Ó minh’alma, dá o salto mortal e desaparece na bruma, sem pesar!
Sem pesar de ter existido e não ter saboreado o inexistível.
Quem sabe um dia o alcançarás, alma conclusa?
Ó minh’alma, irmã deserta, consola-te de me teres habitado,
se não fui eu que te habitei, hóspede maligno,
com irritação, com desamor, com desejo de ferir-te:
que farei sem ti, agora que te despedes
e não prometes lembrar este corpo destituído?
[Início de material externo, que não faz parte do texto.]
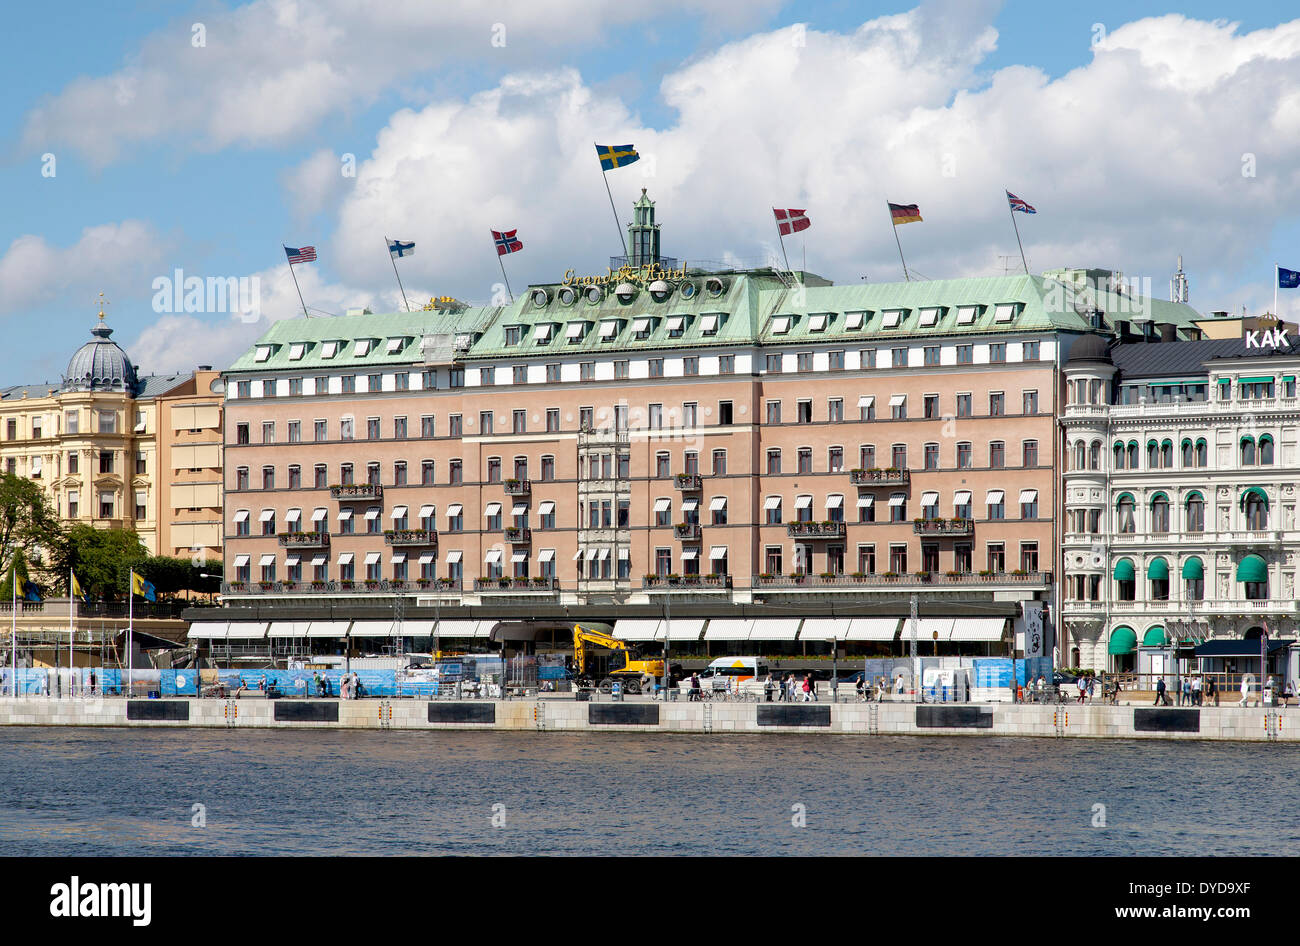 Grand Hotel, Södra Blasieholmshamnen, Stockholm, Stockholms län or Stockholm County, Sweden - Stock Image
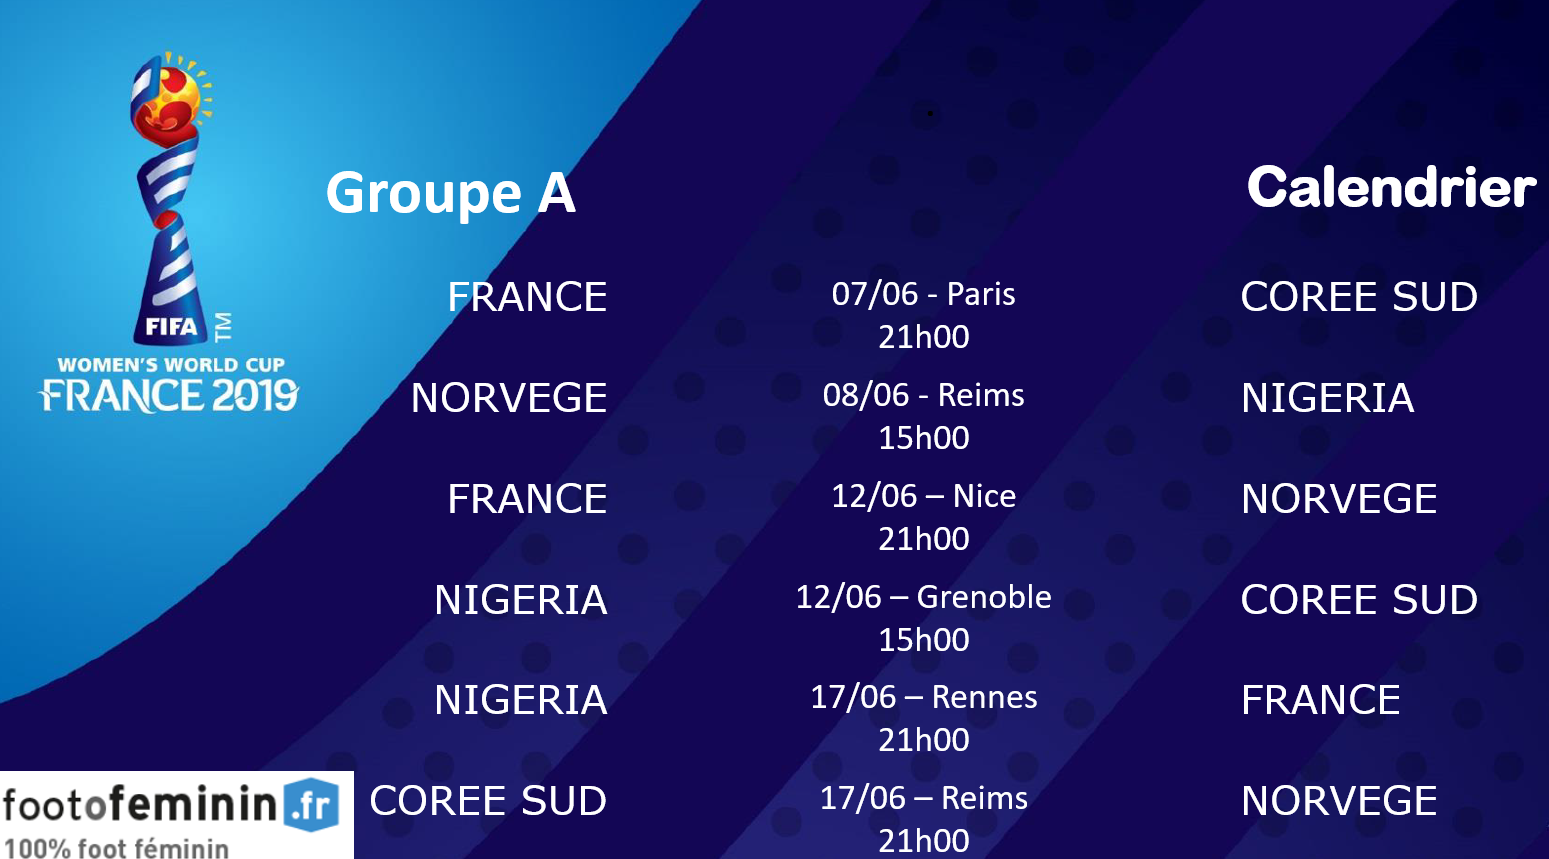 Mondial Feminin France 2019 Calendrier.Eliminatoires Coupe Du Monde 2019 Forums Ol Fr

Ó minha, ó de ninguém, ó alma liberta,
a parceria terminou, estamos quites!
Carlos Drummond de Andrade, Farewell
1 Comentário
joão
14/07/2021 at 13:41há também um poema de drummond chamado “desligamento do poeta”, publicado dois dias após a morte de manuel bandeira. o mesmo desligamento, a mesma fratura, mas agora em relação ao outro, àquele que também era poeta, também pensou e disse a morte (profundamente). acho bonita a autorreferência do drummond falando de fora, do outro, que se aproxima do próprio drummond pelo único aspecto que ele faz questão de destacar no título, e que diferencia um poema do outro: DO POETA. de alguma forma carlos fala da própria morte mas, mais que isso, fala da morte do amigo, a única morte experienciável por aquele que ainda vive.